Du côté des solutions, il me semble inévitable de s'intéresser à la dynamique motivationnalle en contexte scolaire (R. Viau), puisque l'attitude influence la réussite, et que le mesure de l'engagement des élèves semble particulièrement critique.
Quelle est la perception des élèves sur i) la contrôlabilité qu'ils ont sur les activités et tâches d'apprentissage qu'on leur propose, ii) la valeur (signifiance) qu'ils accordent à ces activités et iii) leur compétence à les réaliser?
Du discours même des enseignants québécois (TIMSS 2011), il n'y a que 64% (60% en 4e année) d'entre eux qui disent mettre en oeuvre un enseignement supportant l'engagement des élèves (summarize what students should have learn from the lesson, use questioning to elicit reasons and explanations, encourage all students to improve their performance, praise students for good effort), contre une moyenne internationale de 80% (69% en 4e année)!
N'y aurait-il pas là de belles pistes à explorer et à discuter lors de rencontres entre enseignants... considérant que de telles rencontres aient lieu, car avec un maigre 11% des enseignants de 2e secondaire ayant rapporté collaborer fréquemment avec des collègues (55e place sur 59 pays/provinces ayant participé, TIMSS 2011), il y a lieu de se questionner sur la possibilité de mener à bien de telles rencontres.
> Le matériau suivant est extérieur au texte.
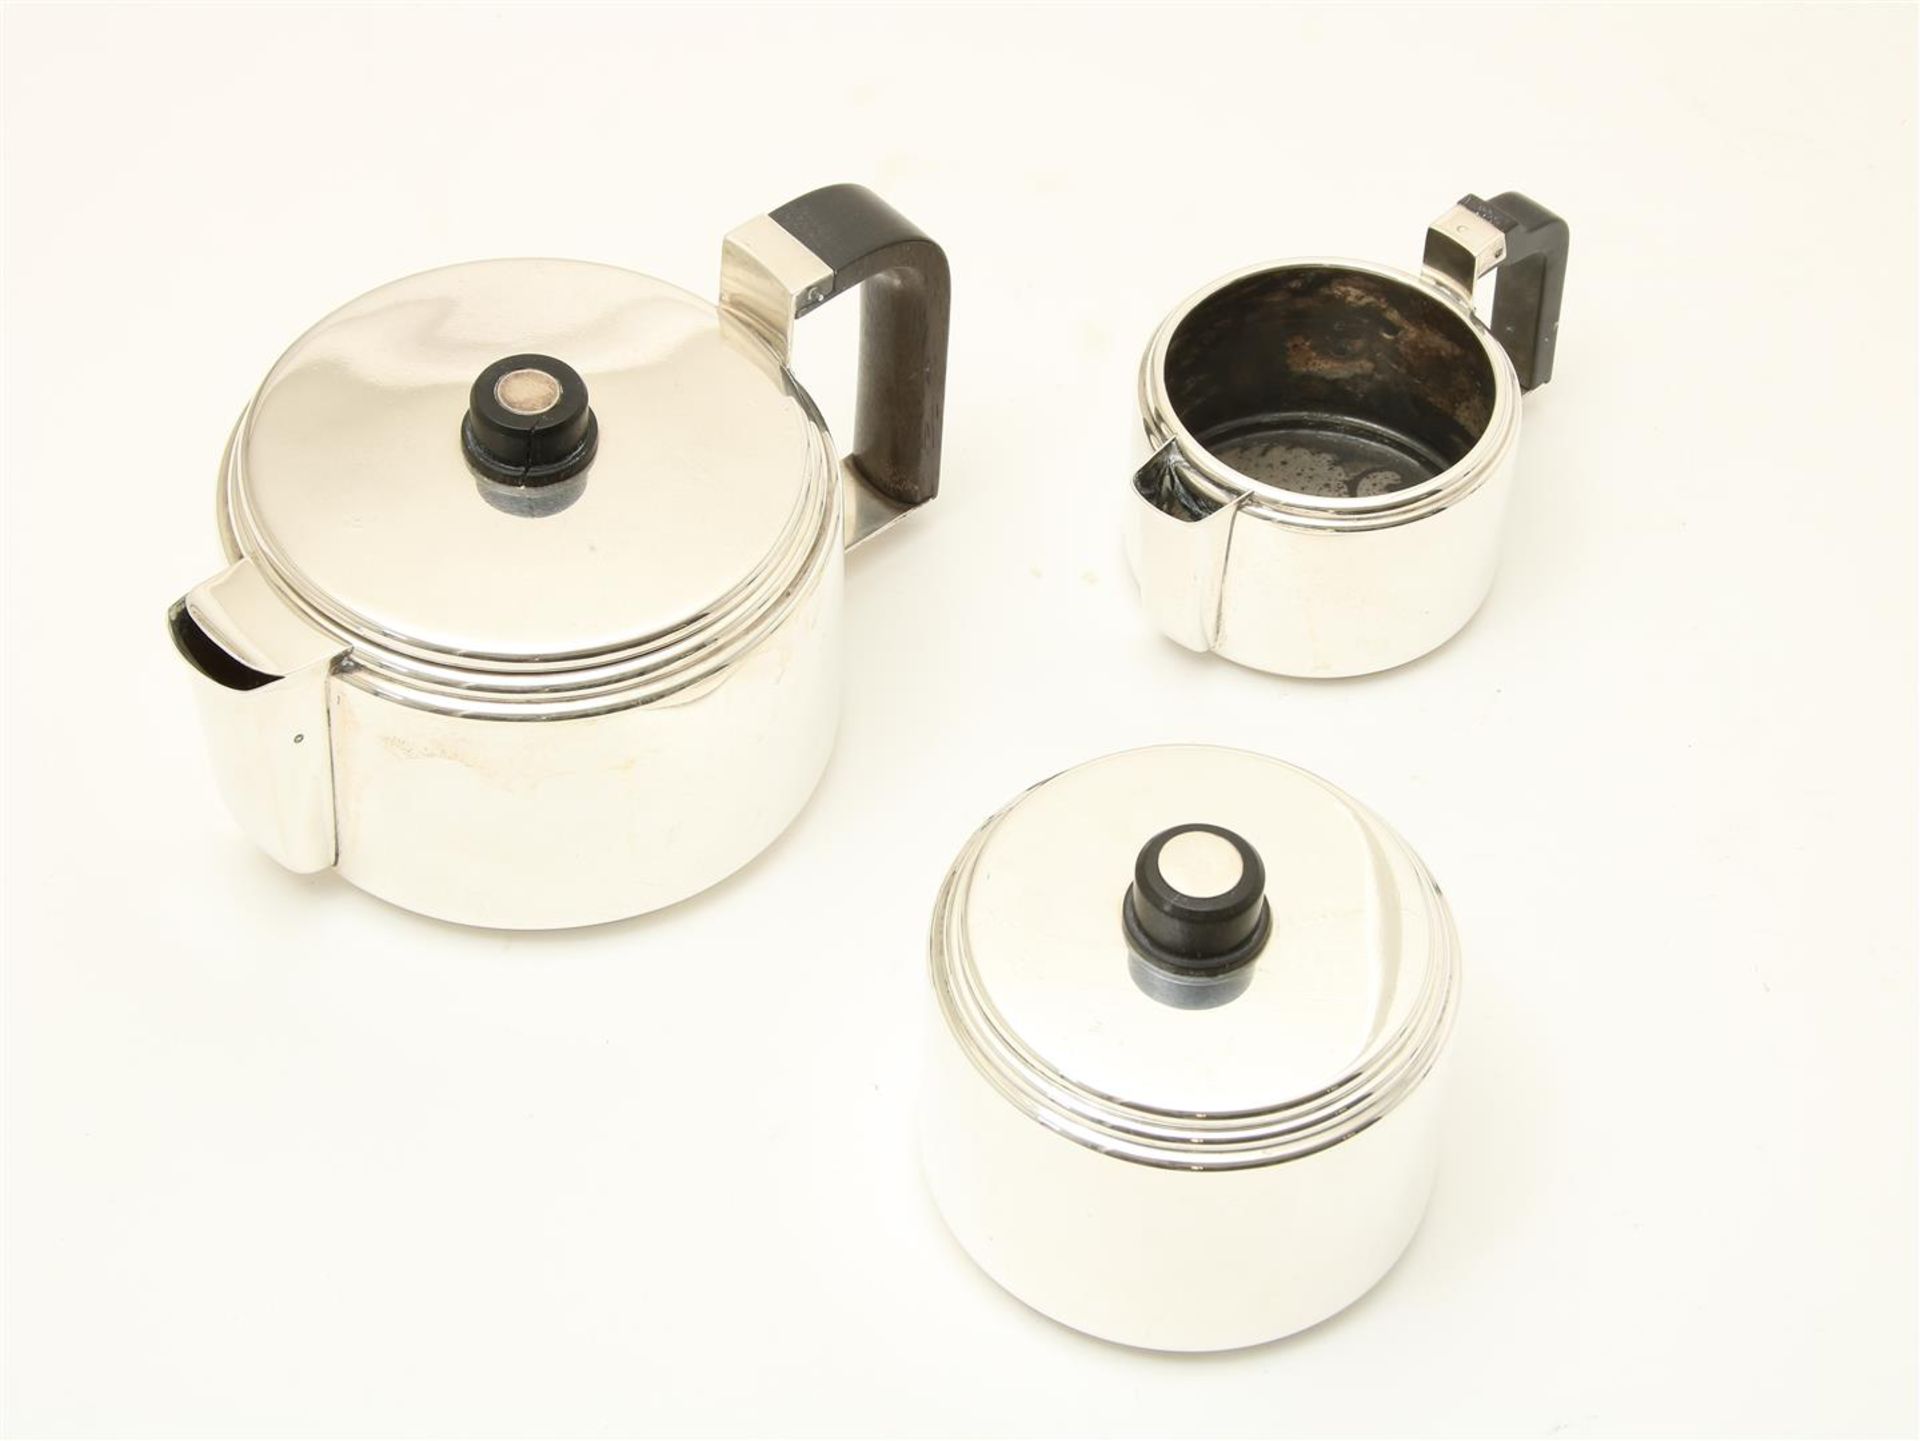 Silver Art Deco tea set with ebony handle and knob, grade 835/000, designer mark: "CE": Christa

Heureusement, une culture de collaboration semble germer tout doucement dans plusieurs milieux, en réponse à la nécessité de trouver des solutions différentes aux mêmes problèmes pour lesquels les approches plus traditionnelles ne donnent plus de résultats satisfaisants.
Une fois que ceci est dit... on fait quoi? avec quels partenaires? quels échéanciers? quels cadres de références?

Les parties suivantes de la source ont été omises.